The half‑sentences. The gestures. The small shifts in mood or breathing. The way she reaches for a chair or a word. The Bubble has its own language, and I’m the one who speaks it. #CaregiverLanguage
9. You can design a space where she finally feels safe.
No more hiding in the corners of her own life. No more being nudged into “agreements” she doesn’t understand. In‑home, I can shape the cottage, the room, the chair, the routine so that everything whispers: You’re safe now. #SafeInTheBubble
10. You get to be the unsung hero in a story no one outside the Bubble will fully understand.
There are no trophies for this. No parade. Half the cast thinks you’re the villain. But you know what you did. You know what you stopped. You know what you protected. You know who you loved well. #UnsungHero
How to Be the Unsung Hero (Without Losing Yourself)
If you’re reading this and you’re somewhere in your own version of the Bubble, here’s what I want you to hear from one so‑called “evil bitch” to another:
Let them call you names.
If drawing boundaries makes you a villain in their story, so be it. Better a villain with a spine than a bystander with regrets. #BoundariesAreLove
Document everything.
Receipts, texts, timelines, agreements. Not because you’re petty, but because confused brains + opportunistic people + money is a horror show. Protect your person—and yourself—on paper. #ReceiptsSaveLives
Build your tiny, stubborn rituals.
Your coffee in the same mug. Your five minutes alone in the car. Your playlist in the kitchen. These are not luxuries; they are anchors. #CaregiverRituals
Find at least one person who believes you.
A friend, a therapist, an online stranger, another caregiver. Someone who doesn’t need proof that this is hard. That person is your oxygen. #FindYourPeople
Remember: love and martyrdom are not the same thing.

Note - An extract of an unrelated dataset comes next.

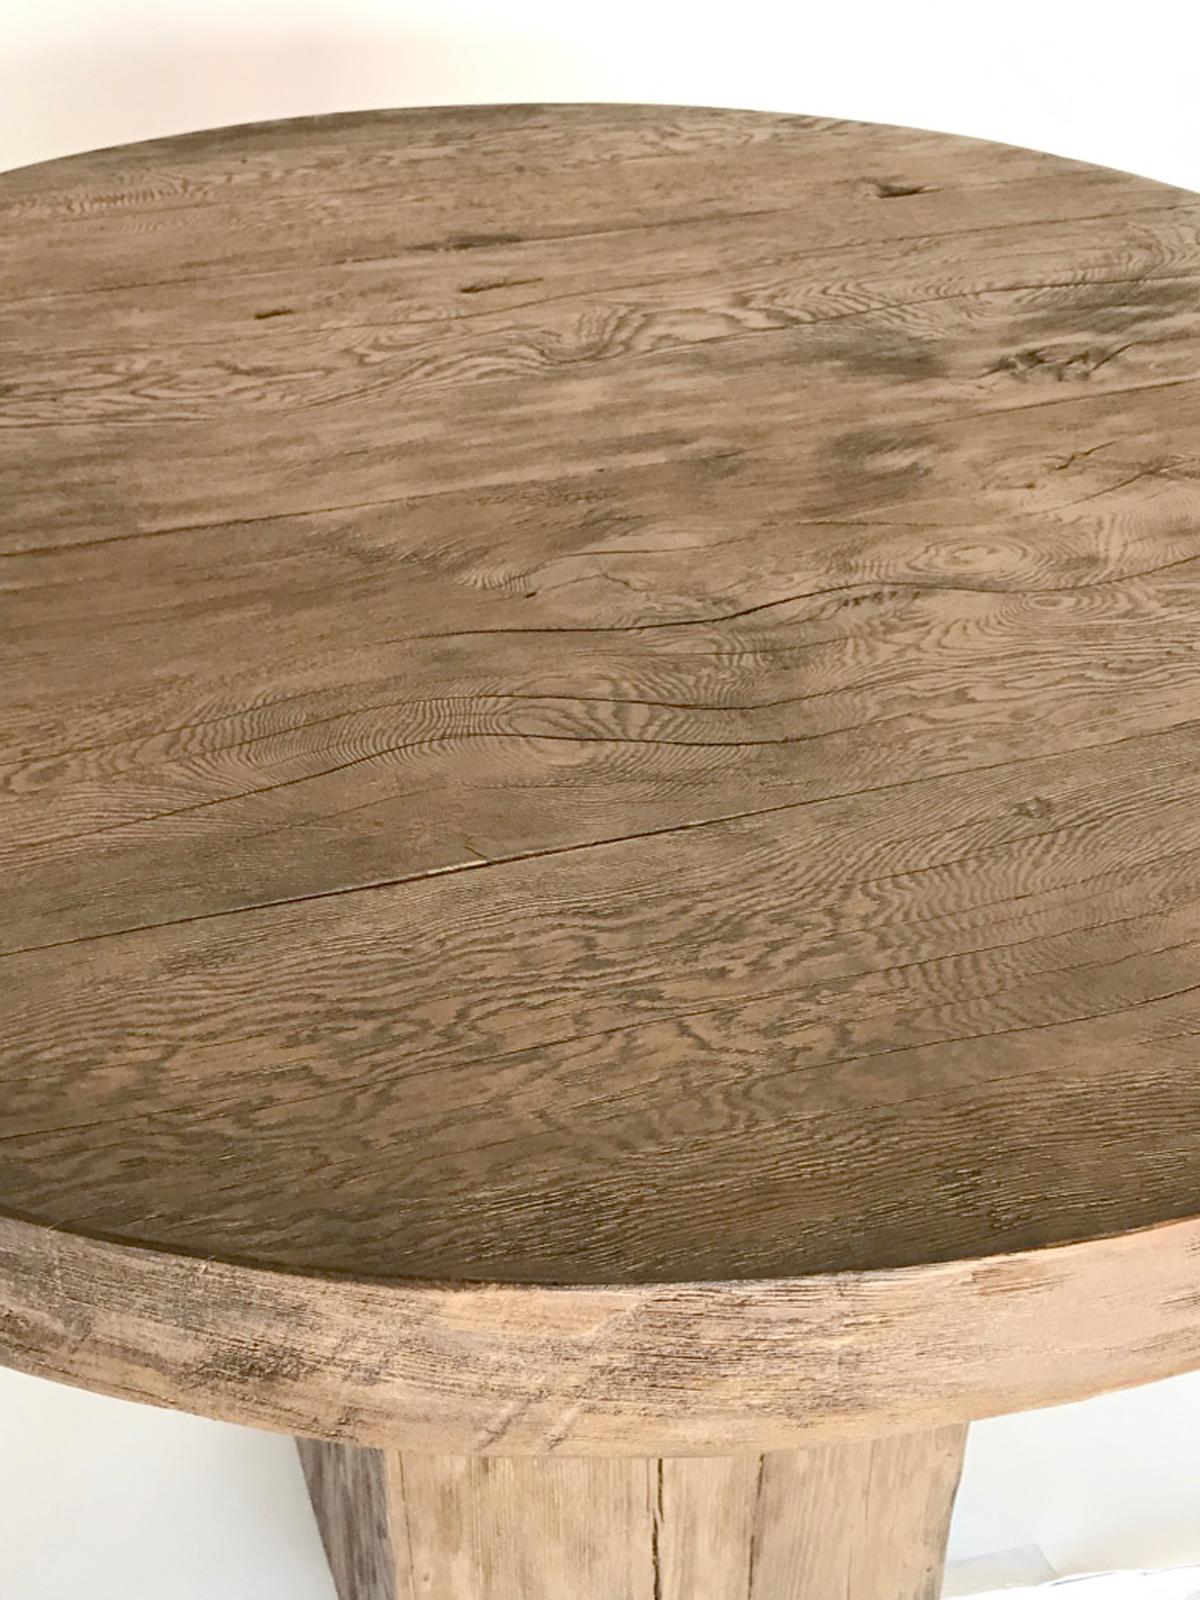 Rustic Modern Round Pedestal Table by Dos Gallos Studio In Distressed Condition In Los Angeles, CA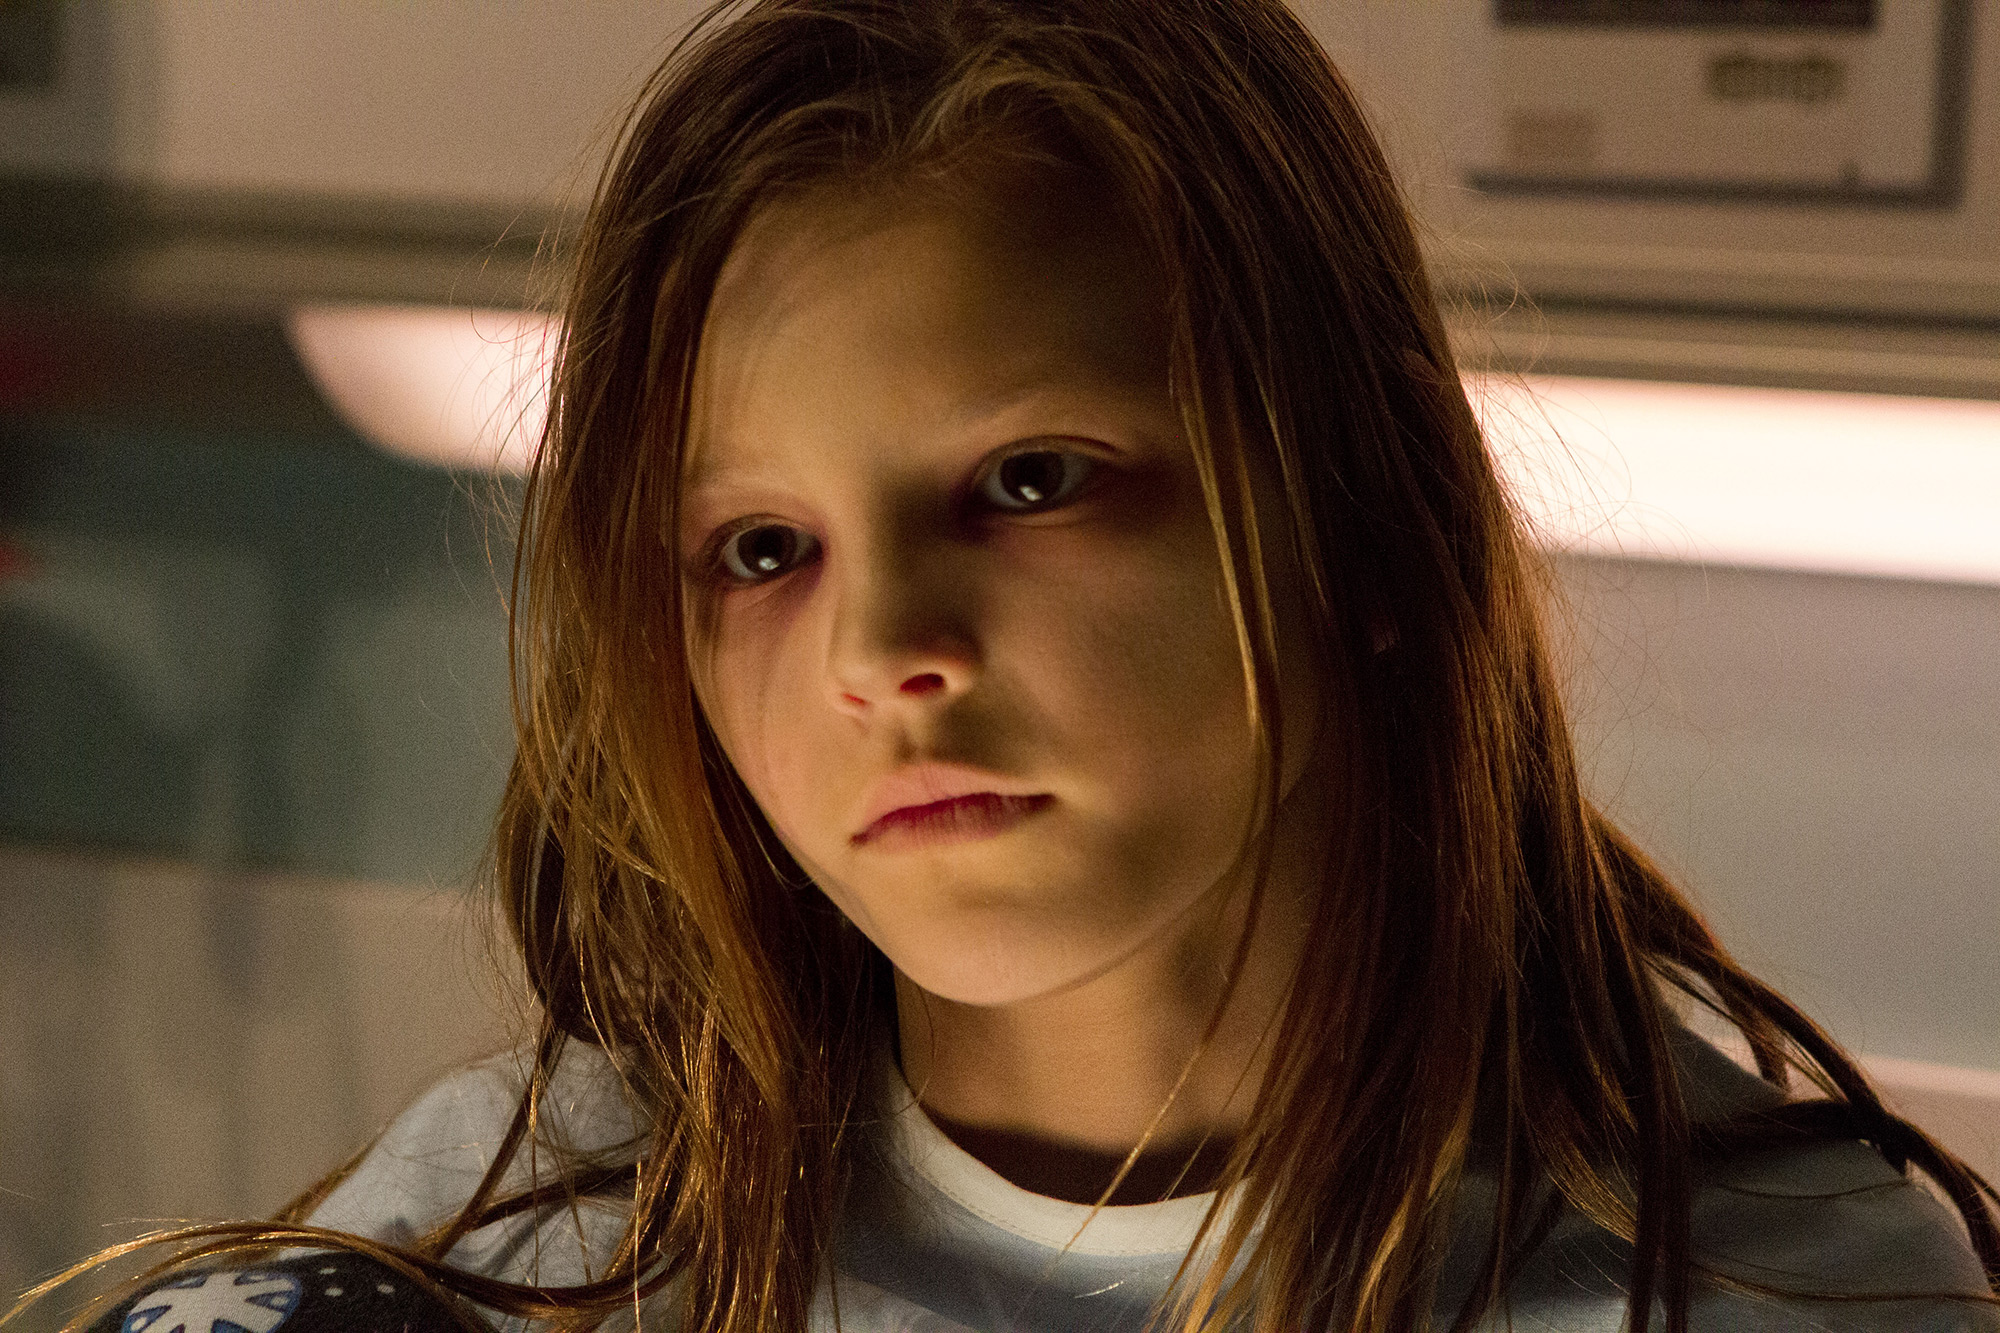 xx_the-box-peyton-kennedy-credit-magnet-releasing

You are allowed to be tired, angry, and resentful and still be a good caregiver. Feeling the weight doesn’t mean you’re failing—it means you’re human. #NoMartyrsNeeded
Do not negotiate with bullies.
Once you see someone is using her, believe what you see. Stop giving third and fourth chances. Protect her. Full stop. #ZeroTolerance
Accept that there is no perfect ending.
Your job is not to make this pretty. Your job is to make it as kind and safe as possible—for her and for you. #RealisticHope
Let grief ride shotgun.
You are grieving someone who is still here. That’s real grief. Name it. Cry in the shower. Yell in the car. Write it out. Grief that gets a voice doesn’t have to burn you down from the inside. #LivingGrief
Keep a piece of your life that is just yours.
A project, a hobby, a dream, an account with only your name. You are not just a caregiver. You’re still you. #YouStillExist
Know this: you are not the problem.
The problem is the disease. The history. The people who benefited from her confusion. The systems that treat her like a bed number. Not you. Never you. #CaregiversAreNotTheProblem
You may be the brick wall in their story.
In hers, you are the one who stayed.
In reality, you are the crowned villain who turned out to be the savior—protecting her from others and, sometimes, from the parts of herself that still believed she had to earn basic care.
This is the beginning of a new chapter—a four‑part series for the ones holding the line in the dark.
Caregivers: we are smarter than they think, stronger than they know, and built with a kind of ethics, morals, and empathy that cannot be faked.
And even bone‑weary, mind‑numbingly exhausted—you still show up.
Dear Diary, that counts. That counts for everything.